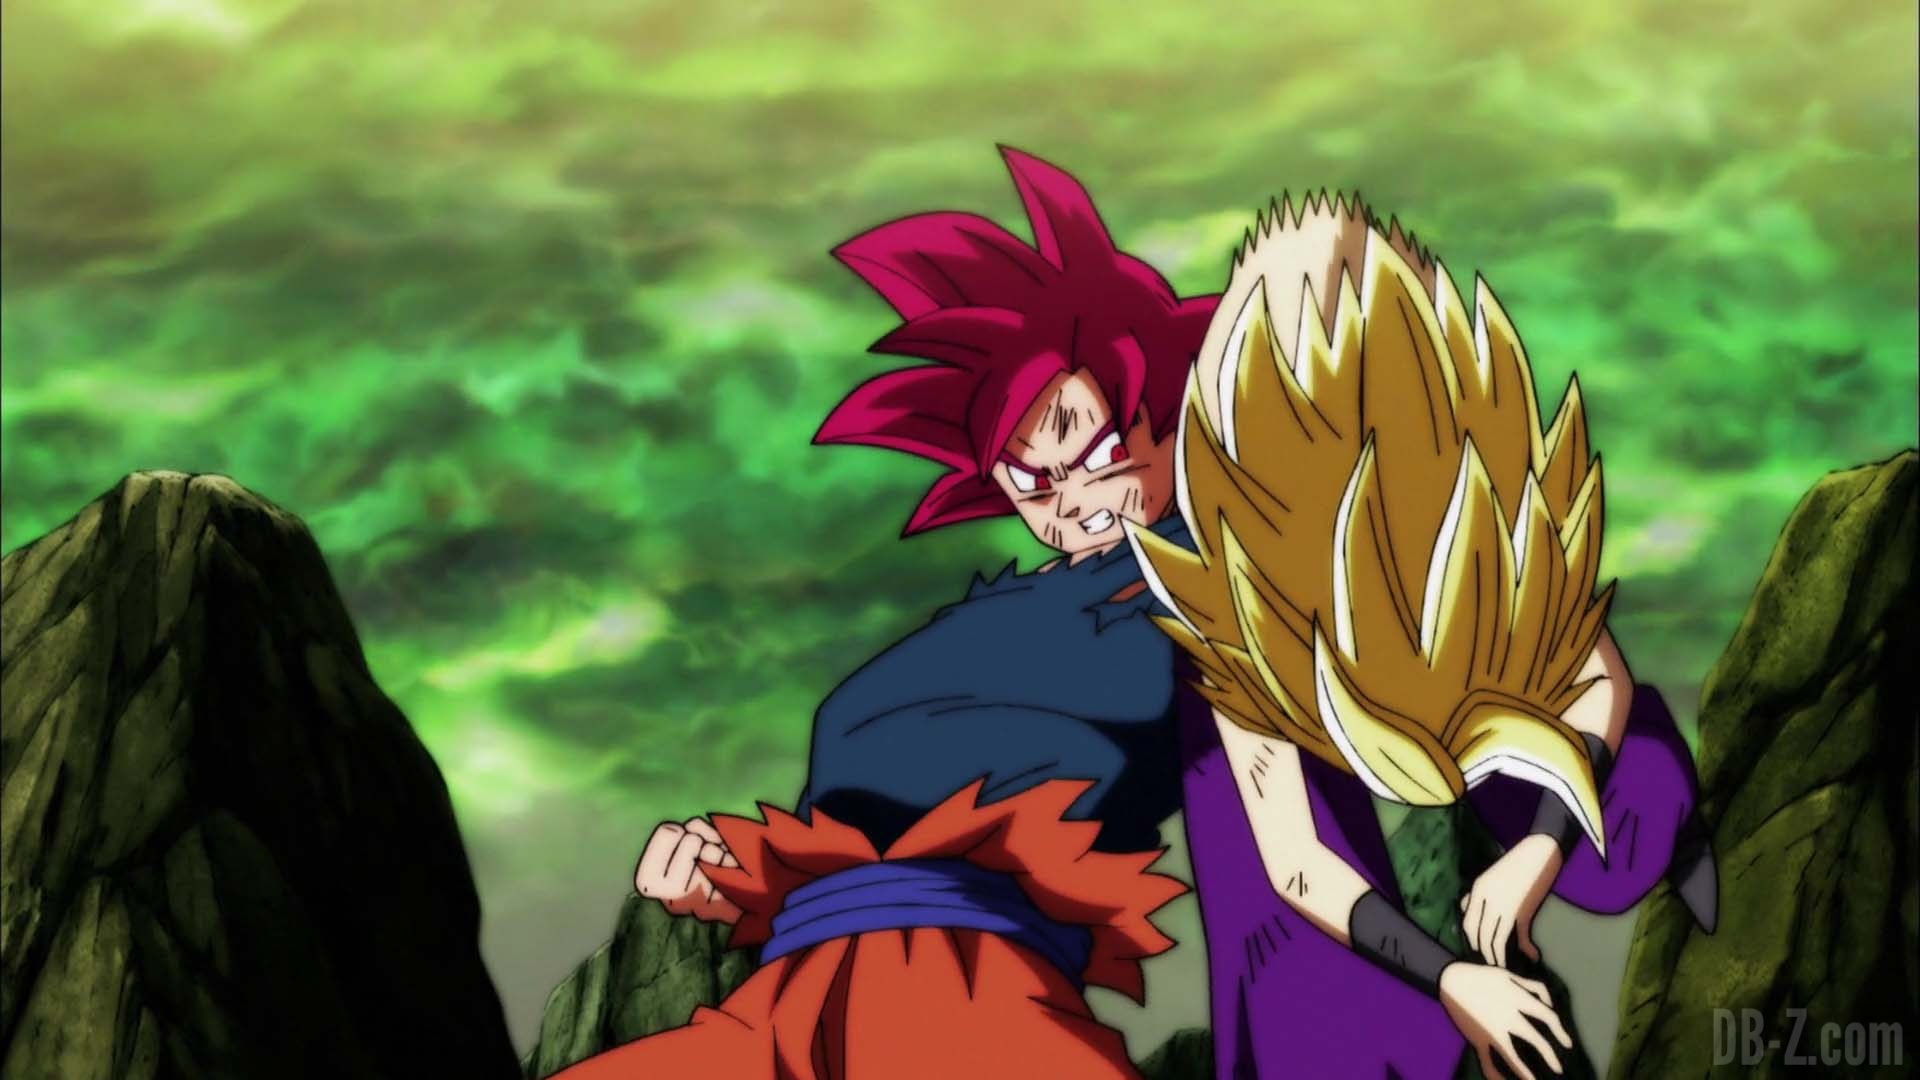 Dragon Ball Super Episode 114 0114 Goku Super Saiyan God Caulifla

--

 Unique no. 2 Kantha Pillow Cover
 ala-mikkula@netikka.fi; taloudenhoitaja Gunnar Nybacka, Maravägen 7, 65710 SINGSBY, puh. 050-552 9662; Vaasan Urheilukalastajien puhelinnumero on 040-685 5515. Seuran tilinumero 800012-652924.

* * *

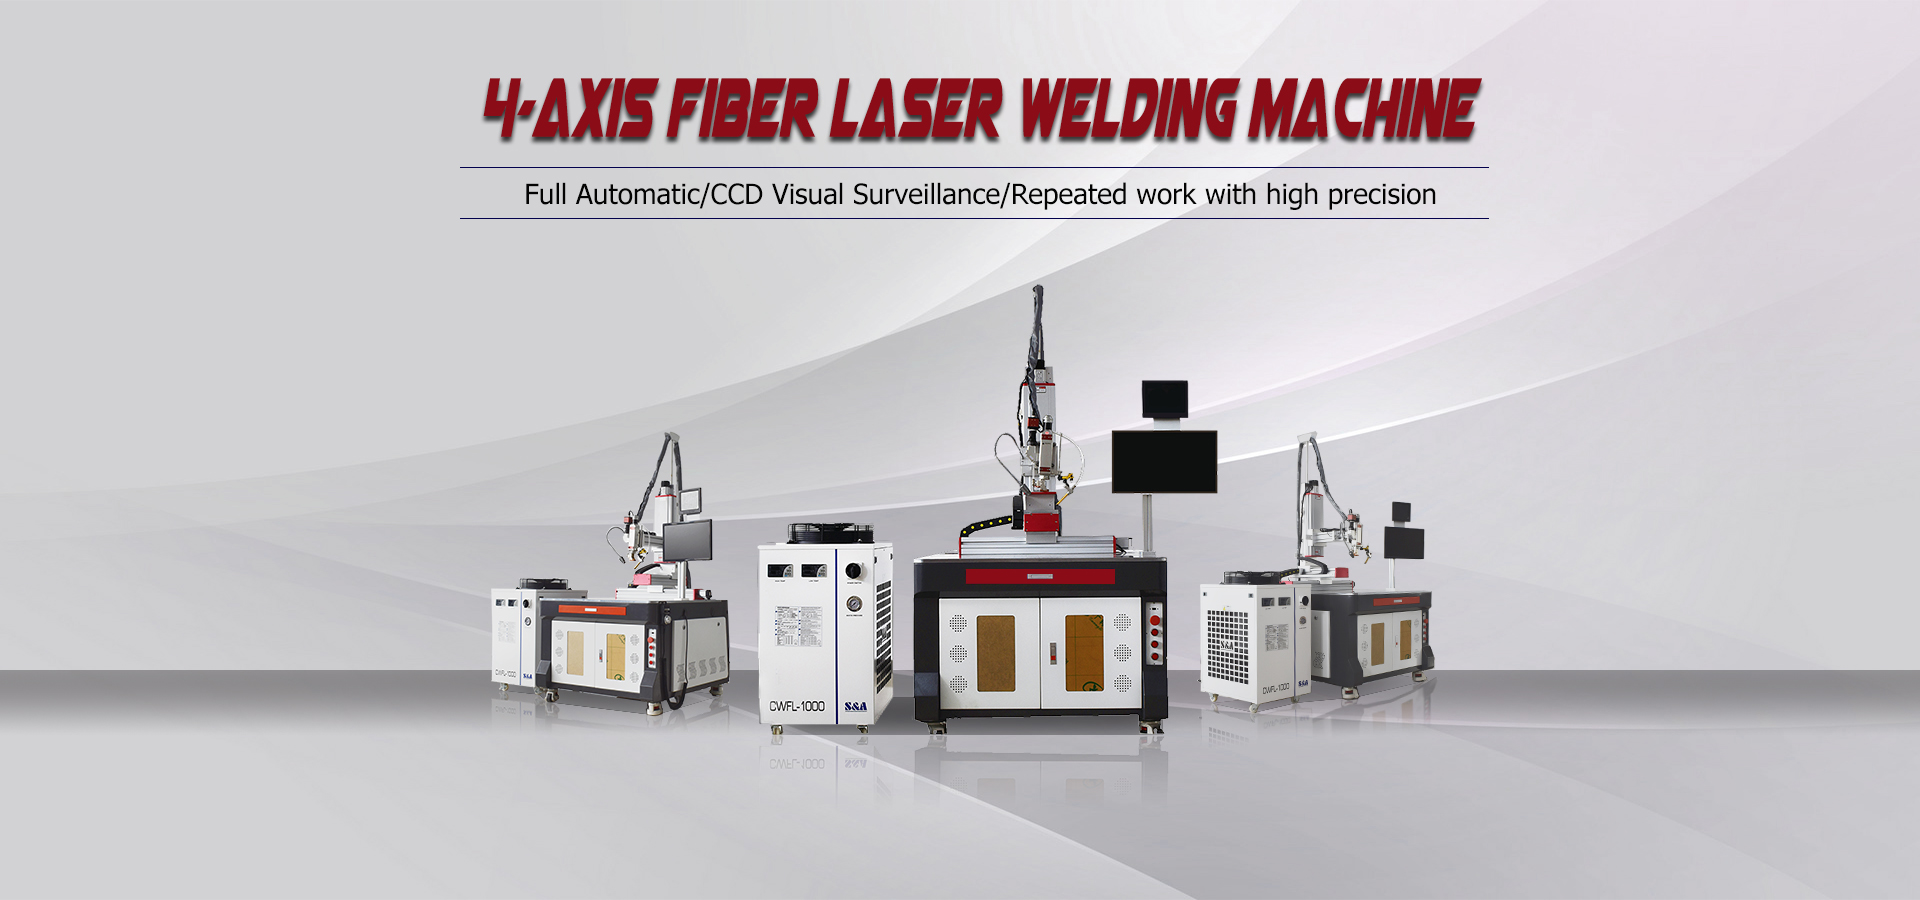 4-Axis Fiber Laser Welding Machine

[Task item]
The required answer is the exact run of lines above starting at the line with "Unique no. 2 Kantha Pillow Cover" and ending at the line with "ala-mikkula@netikka.fi; taloudenhoitaja Gunnar", with both ends present.

[Answer area]
 Unique no. 2 Kantha Pillow Cover
 ala-mikkula@netikka.fi; taloudenhoitaja Gunnar Nybacka, Maravägen 7, 65710 SINGSBY, puh. 050-552 9662; Vaasan Urheilukalastajien puhelinnumero on 040-685 5515. Seuran tilinumero 800012-652924.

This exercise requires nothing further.